Background
John Vipond Davies was born on October 13, 1862 in Swansea, Wales. He was the first son and fourth of eleven children of Andrew Davies, a physician, and Emily (Vipond) Davies.
John Vipond Davies was born on October 13, 1862 in Swansea, Wales. He was the first son and fourth of eleven children of Andrew Davies, a physician, and Emily (Vipond) Davies.
Davies was educated at Wesleyan College, Taunton, England, and, reportedly, at the University of London, though he did not receive a degree.
For the ten or twelve years after University Davies followed a varied career, at first, beginning in 1880, as apprentice to an engineering contracting firm engaged in dry-dock, engine-building, and structural work, then in the employ of two coal-mining companies in Monmouthshire. His mining and mechanical experience provided a useful background for his later work in the field of sub-aqueous tunneling and difficult foundation undertakings.
In 1889 he came to the United States, where his first employment was with the Philadelphia & Reading Railroad on the development of a coal-briquetting plant. His work for this railroad brought him to New York City, where he met and became chief assistant to Charles M. Jacobs, who was then constructing the East River Gas Tunnel, a pioneer venture in what was to become the most tunneled city of the world. Soon after its completion, in 1893, the two men formed the firm of Jacobs and Davies, which throughout the earlier years of the twentieth century occupied a leading position in the development of sub-aqueous and pneumatic foundation work in the New York area.

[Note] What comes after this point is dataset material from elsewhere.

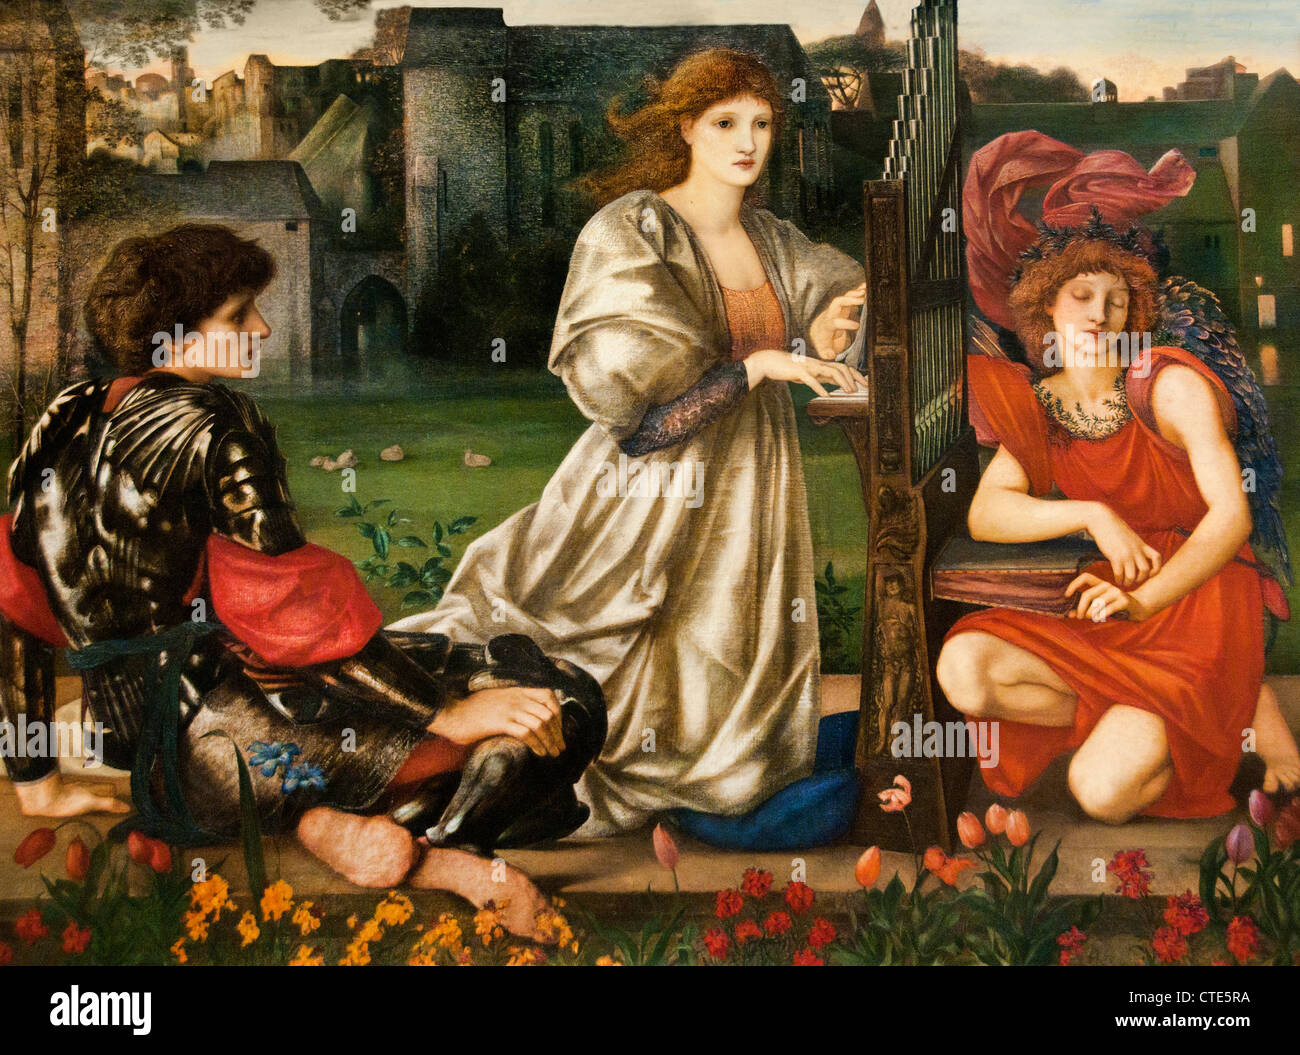 Le chant d'amour 1868-77 par Sir Edward Burne-Jones français 1833-1898 Royaume-Uni Banque D'Images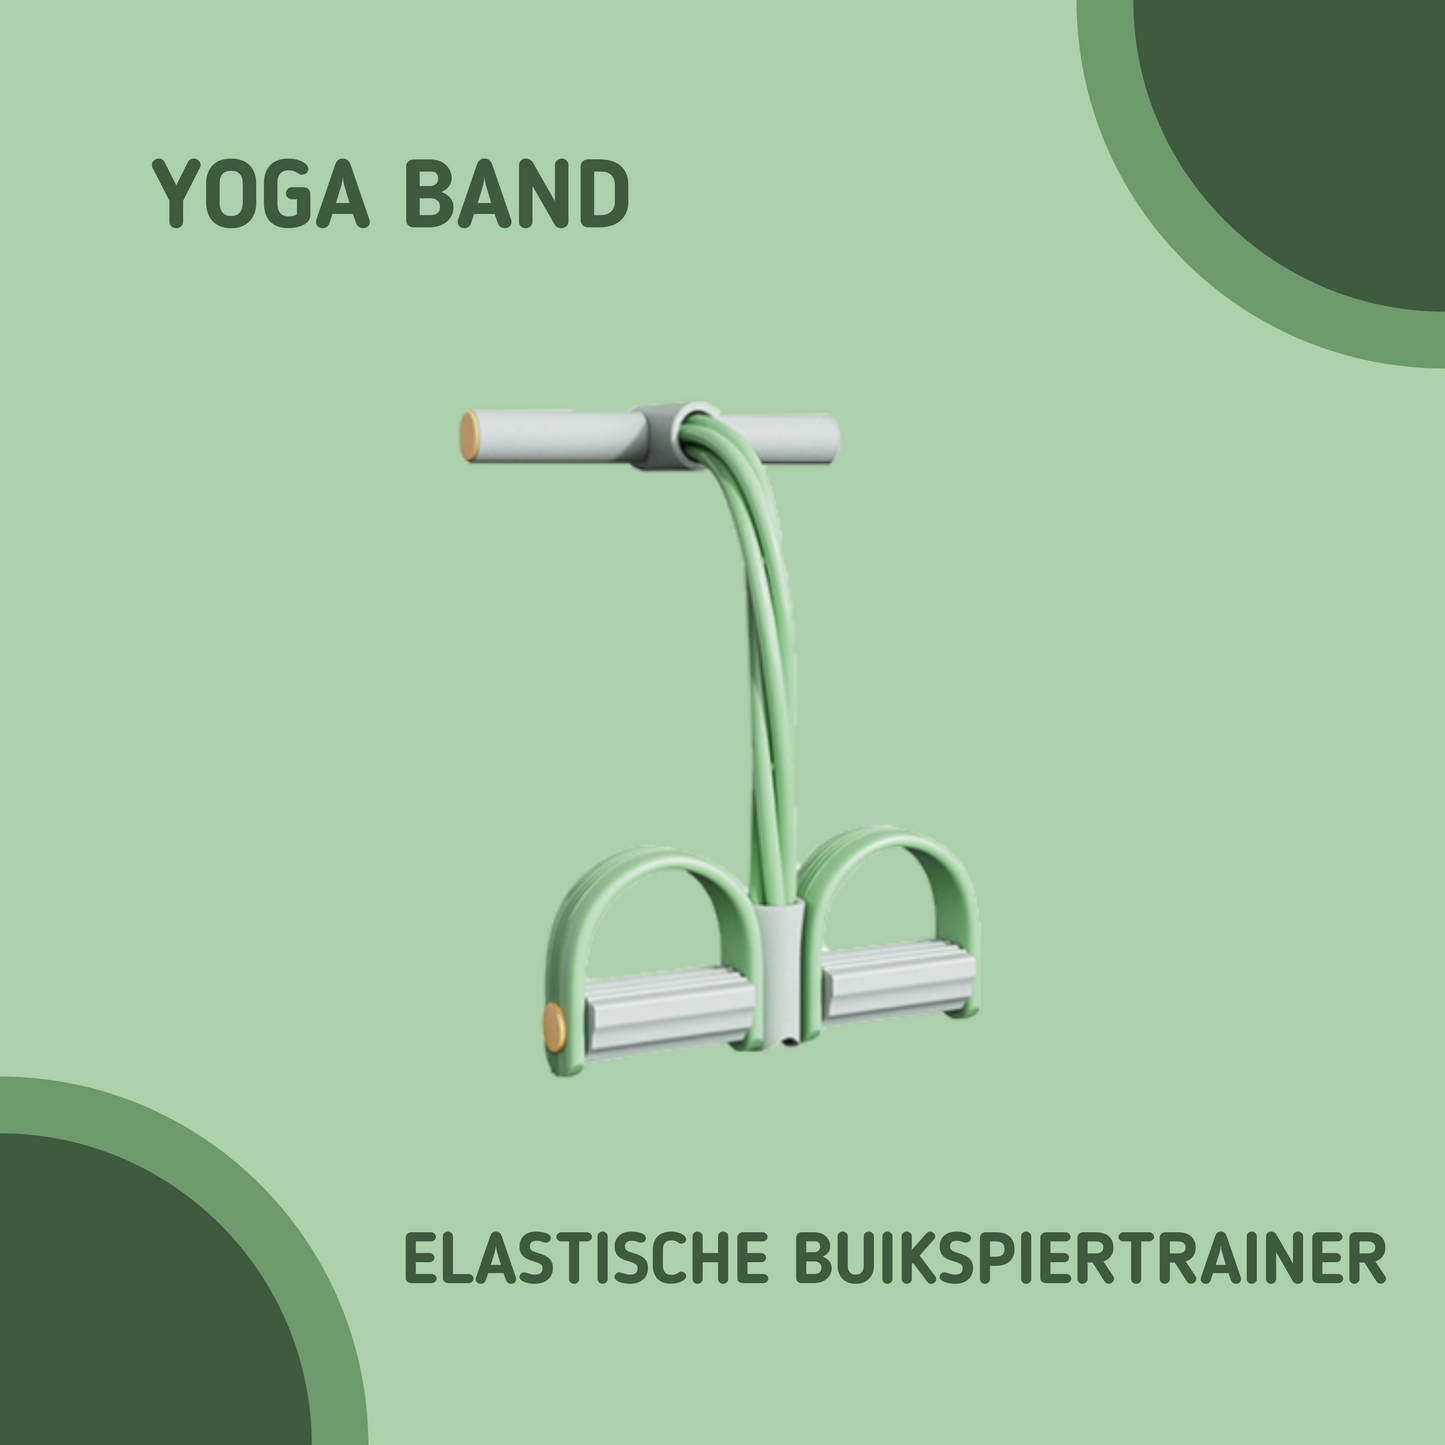 MOLOO-Elastische-Buikspiertrainers-Groen-Grijs-Yoga-Band-Ab-Trainer

As early as 1879 an attempt had been made to supplement or replace ferry service by means of a tunnel under the Hudson River from Manhattan Island to the New Jersey shore. The technique was both hazardous and new to American engineers, and the project came to a standstill after a sudden "blow" trapped twenty workers. British engineers, on the other hand, had had long experience with this type of work, dating back to the first notable sub-aqueous tunnel, the Thames Tunnel, completed in 1843.
Thus it came about that a famous firm of British contractors, Pearson and Sons, with Jacobs and Davies as consultants, took up the task of completing the first Hudson River tunnel, and it was finally "holed through" in 1904. This was the first in the extensive Hudson-Manhattan system of tunnels. In their work in the Hudson silt, Jacobs and Davies originated the technique, since followed where conditions permit, of simply shoving aside the greater part of the silt ahead of the tunneling shield and taking in but a small fraction of the displaced material.
The firm later went ahead with the uptown tunnels at 33rd Street and also designed and supervised the construction of the remarkable foundations for the Hudson-Manhattan Terminal building on Church Street. Here a complete enclosing ring of fifty-one pneumatic caissons, sealed on rock 110 feet below curb level, provided not only terminal facilities but a power station seventy-seven feet below street level and fifty-eight feet below water level--a plan later followed in building the Federal Reserve, the New York Telephone, and other buildings where space below street level was essential. While Davies will be recalled largely because of this early work in New York, he was consultant on a number of other major undertakings, including virtually every notable tunnel project during the period of his active career.
As president of his firm from 1917 until his death, he planned or advised on a water-supply tunnel under the Detroit River, on power station intake and discharge tunnels for the New York Edison Company, on the difficult and hazardous Consolidated Gas Company tunnel under Hell Gate at New York City, on projected tunnels at New Orleans and San Francisco, and on the Moffat Tunnel in the Rockies.
Davies was a charter member of the American Institute of Consulting Engineers.
Davies, quiet, slender "gentleman of the old school" achieved an outstanding position for his skill in one of the most difficult and dangerous construction techniques devised by man. Davies was deeply interested in the professional and ethical standards of his profession.
In 1895 Davies married Ruth Ramsey of Pottsville, Pa. They had two daughters, Margaret and Muriel, and a son, John Vipond.